Reporting on work accomplished under the 18th POD, CIE told the division it had proposed examining results of current and planned enhanced recovery waterflood and converting additional nonproducing wells to waterflood if appropriate; drilling and stimulating a sidetrack of the RU-4A well for use as waterflood injection; and changing out the failed electric submersible pump in the RU-9 well and stimulating that well as needed.

The company said it monitored Redoubt waterflood daily but did not complete the sidetrack of RU-4A, deferring that project to the second quarter of this year. It deferred changing out the failed ESP in the RU-9 well to the third quarter of 2020.

For the 19th POD, CIE said it plans to sidetrack the RU-6 and use it as a water injection well, work which would replace the company’s plan in the 18th POD to sidetrack the RU-4A.

The company said it anticipates the ESP in RU-2 will fail this year and plans to replace it in conjunction with the RU-6 sidetrack.

Results of enhanced recovery waterflood efforts will be examined, CIE said, and additional nonproducing wells might be converted to water injection.

Glacier said it is working on plans for wells to evaluate oil and gas potential north of the Redoubt Northern Fault Block and would resume plans to drill when economic conditions justify that work.

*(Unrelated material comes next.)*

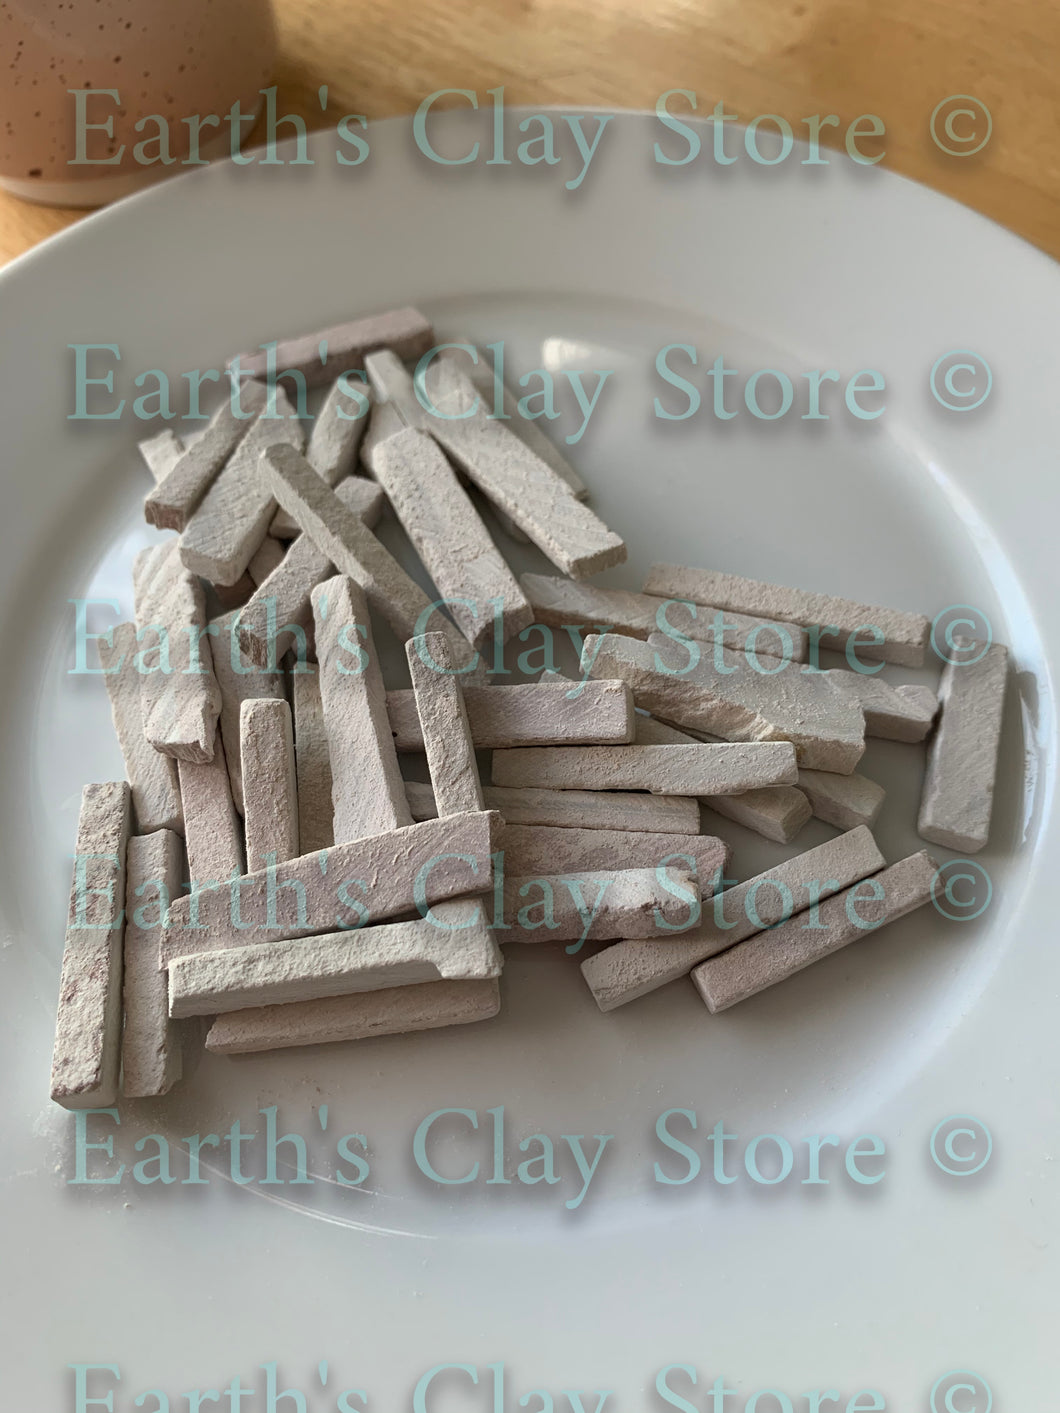 Slate Pencils – Tagged Edible – Earth's Clay Store

In the next year the company said it plans to drill and stimulate a sidetrack to RU-6 and use that sidetrack “as a waterflood injection well to further enhance production,” and is considering plans for additional produced water disposal.

“Redoubt is a mature field and we are reaching the practical limit for water disposal using currently available methods,” CIE said, adding that it “is considering alternatives to allow continued production to the economic limit of the field.”

The company also plans minor modifications to the Osprey platform “and add additional space for surface ESP support equipment.”